I mean, if we could get a hold of this and just use it for positive results, oh, my God, it would be fantastic.
But, of course, it's not going to happen and so on, right?
But, yeah, I mean, if somebody says, don't contact me, then, you know, Christina's parents keep popping up and we play whack-a-mole from time to time with them as well.
And he's like, well, we really do want to respect your wishes.
We're going to just not...
I mean, if you want to come over for Christmas, that would be great, but we're going to respect your wishes.
It's okay. We're sorry for whatever we did.
You know, it's just like...
But we said, don't contact us!
Well, she said...
She said, my husband has me locked in the basement.
If you read this in backward, it is a Greek plea for, bring me moussaka!
Right. But they just keep coming back in and saying, no, no, we respect you.
It's like, no, you're not respecting my wishes.
Which is exactly why we got you out in the first place.
But we're just contacting you to respect your wishes that you don't want us to contact you.
Right. And what they want to do, of course, is that they know that, like, your mom is feeling anxiety and she knows exactly what's going to happen.
When she contacts you.
She knows, down to the last bead of sweat on your palm, exactly what's going to happen when she contacts you, right?
Right. Nothing.
Well, no. An enormous amount happens when she contacts you, right?
To her? No!
To you! Oh.
Um... Explain?
Well, how did you feel when you saw your mom had posted on your live journal?
Um... Oh, um, angry and sort of just, sort of a flight or fight response.
Sort of just a general, I guess more of a fear slash angry slash response like that.
You were scared? Right.
Okay, good. I just wanted to break down the syllables a little.
Scared and angry, right?
And you're angry because she scared you, right?
Right. Right.
So, either she has no idea that she's going to scare you when she posts on your journal, right?
No idea. She thinks that you're going to experience it as a positive and warm thing, right?
Right. In which case...
about who you are as a human being, despite having known you for over 30 years, right?
Right.
So she can't possibly love me.
Or, in which case, she actually thinks that what she's doing is going to make you feel good when it, in fact, makes you feel, like, scared and angry, right?
Right.
It'd be like, you know, Christina likes it when I bring home flowers to her, right?

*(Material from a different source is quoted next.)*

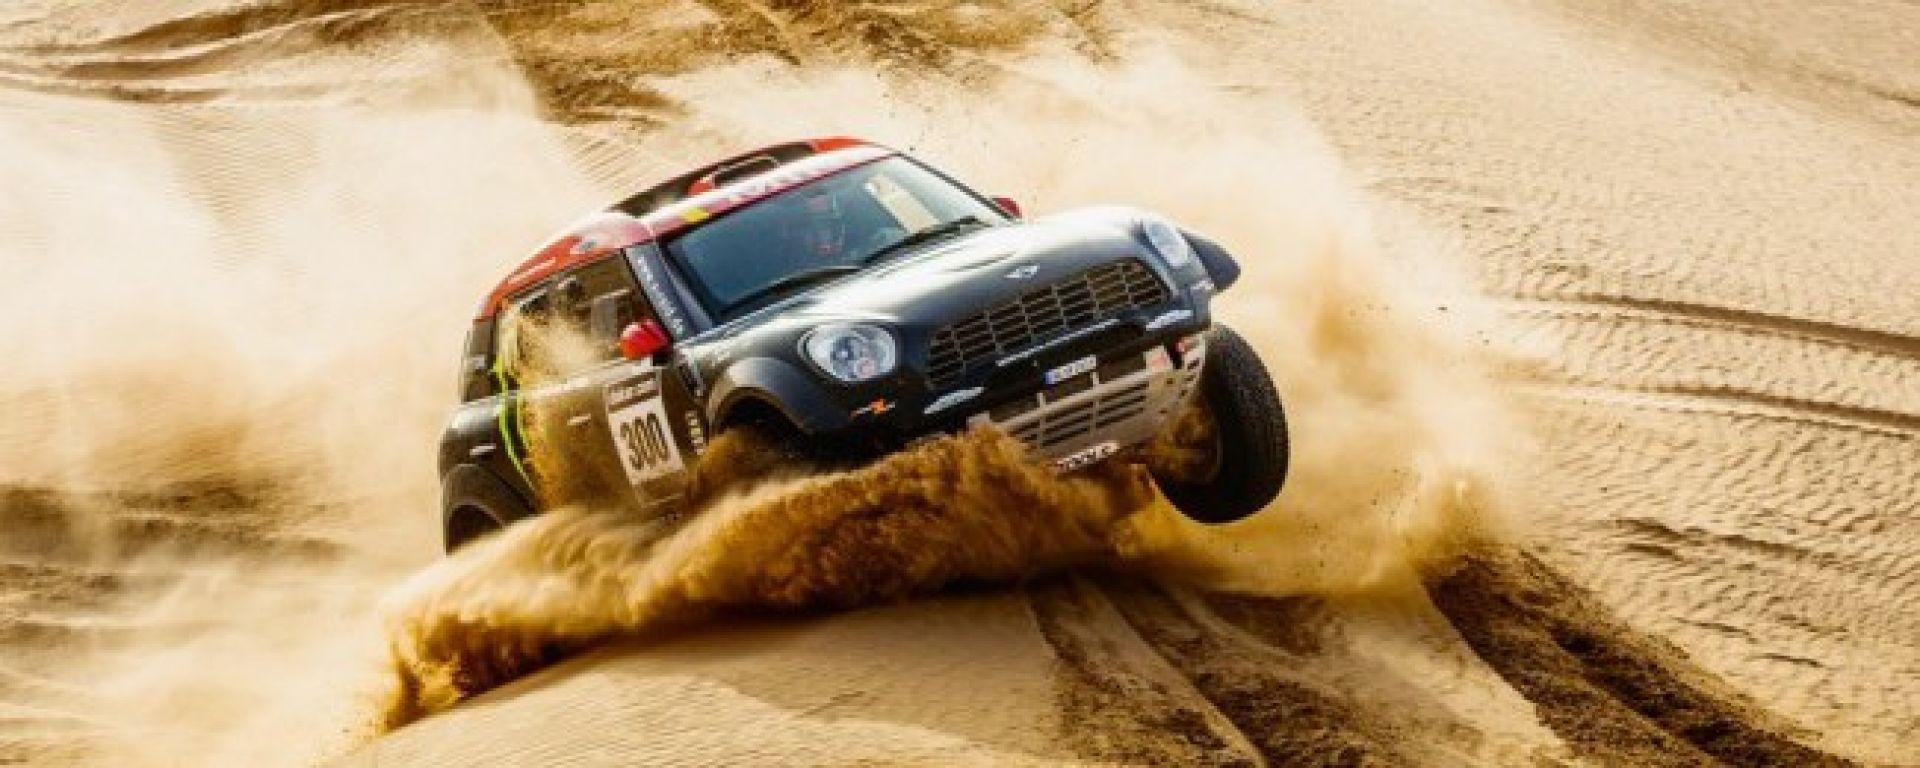 Dakar 2016 - MINI John Cooper Works Rally

But, you know, if I brought home the head of a bull and left it on, you know, bleeding on her white couch, then clearly I would not have a very good idea what she likes, right?

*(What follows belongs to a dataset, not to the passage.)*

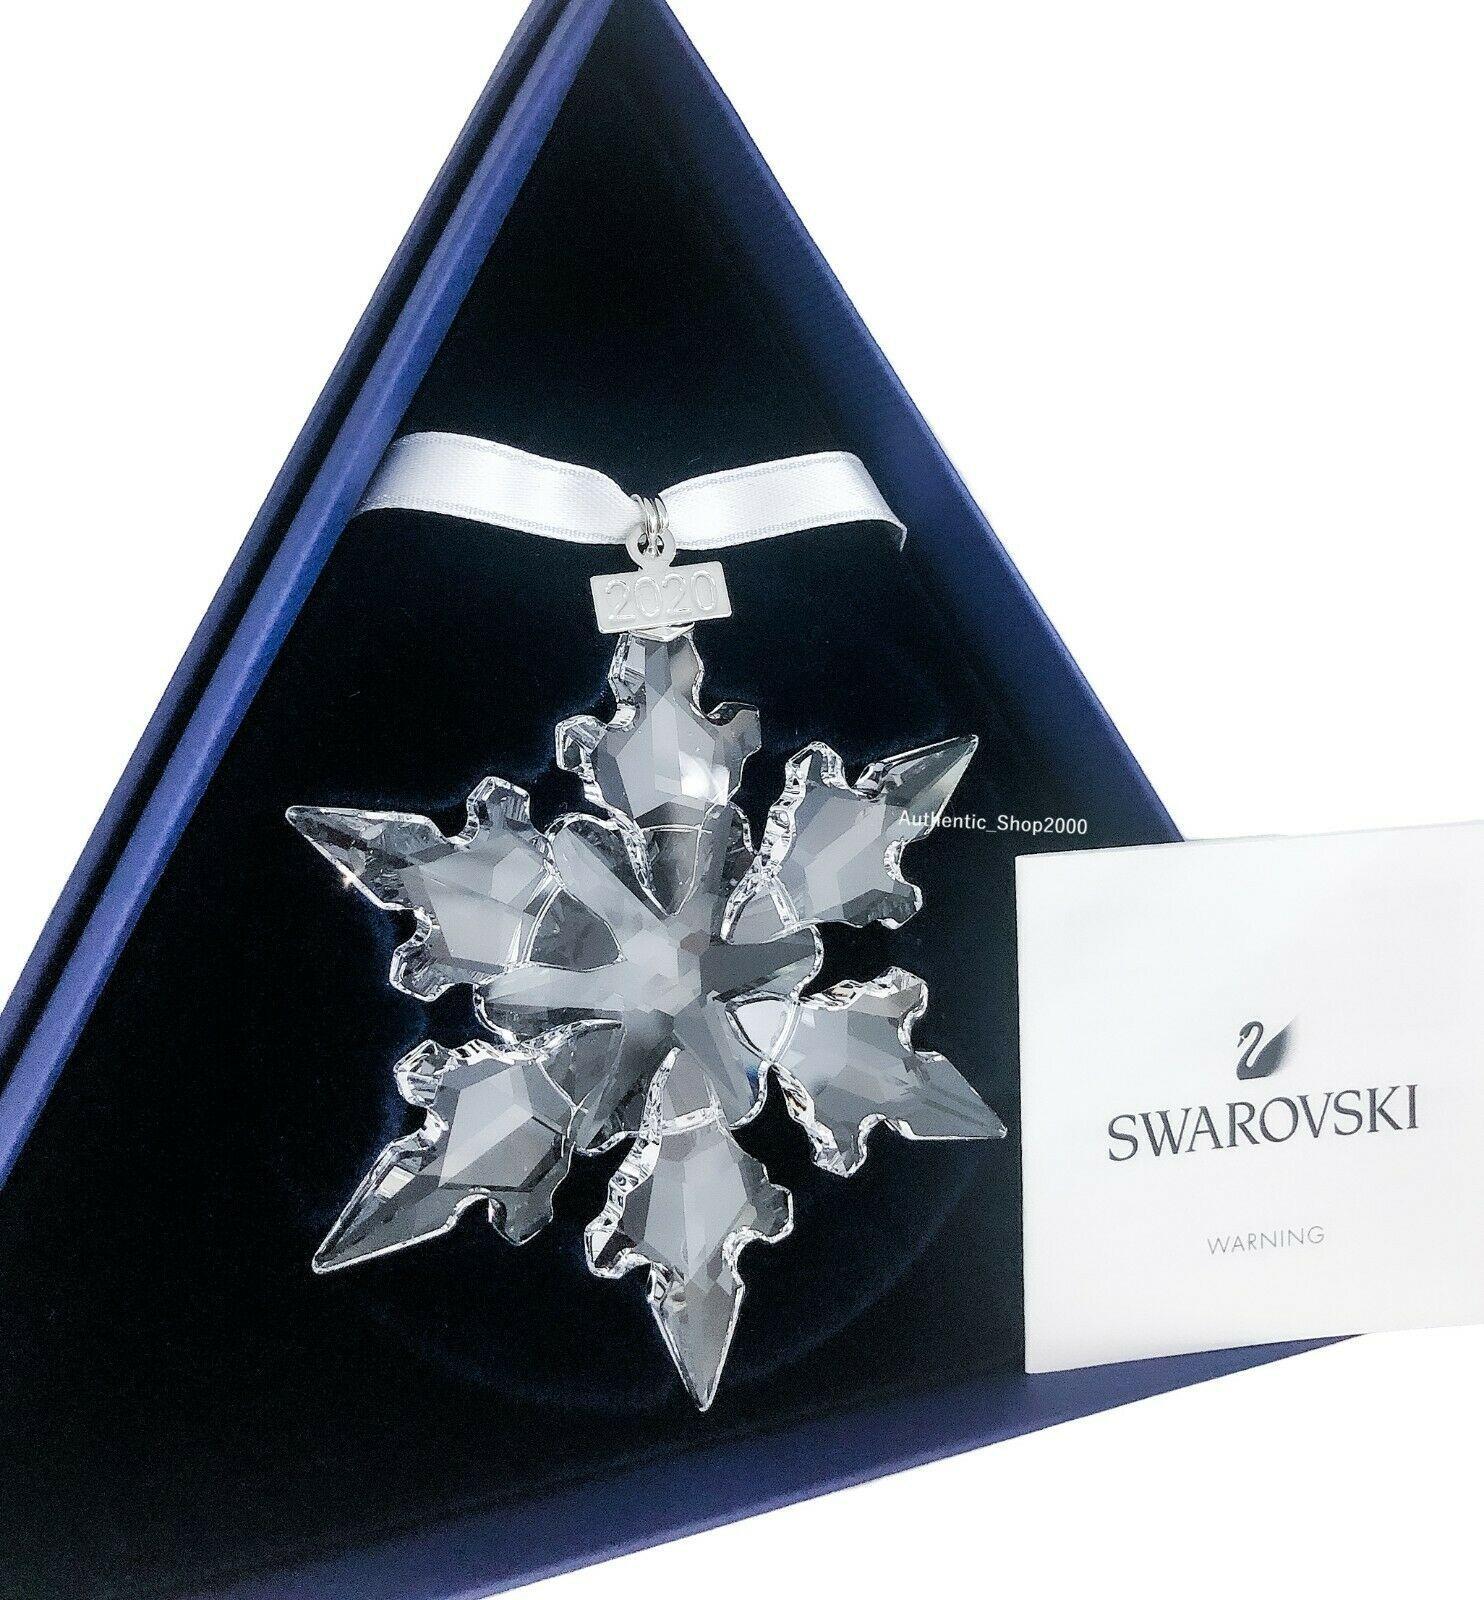 NEW SWAROVSKI SNOWFLAKE CRYSTAL ANNUAL EDITION ORNAMENT 2020

Right. Because she would experience that as horrible and messy.
So, if your mom does something that makes you Scared and angry, then either she genuinely thinks that you're going to enjoy something that you find scary and anger-invoking or anger-producing, in which case she can't conceivably love you in any way, shape, or form, right?
In fact, it's the opposite of love, because if she's known you for 30 years...
And she does things that scare you with the genuine belief that you will be happy, then she's psychotic, right?
My friends, during and after high school, they would always tell me that she's psychotic.
Or she knows how you're going to react to her leaving a post on your board, right?
She knows exactly what it's going to do to you.
In which case she's sadistic and...
Exactly. And this is why I say these relationships with corrupt parents are so completely and totally unrecoverable.
Unrecoverable. Because by the time you're an adult and 17 and you can get free of them...
Then if they frighten and scare you, they either genuinely think that screaming at you and abusing you and so on makes you feel good, in which case they're just psychotic.
Or they know how much it hurts you and they want to do it.
So you got psychotic or you got sadistic.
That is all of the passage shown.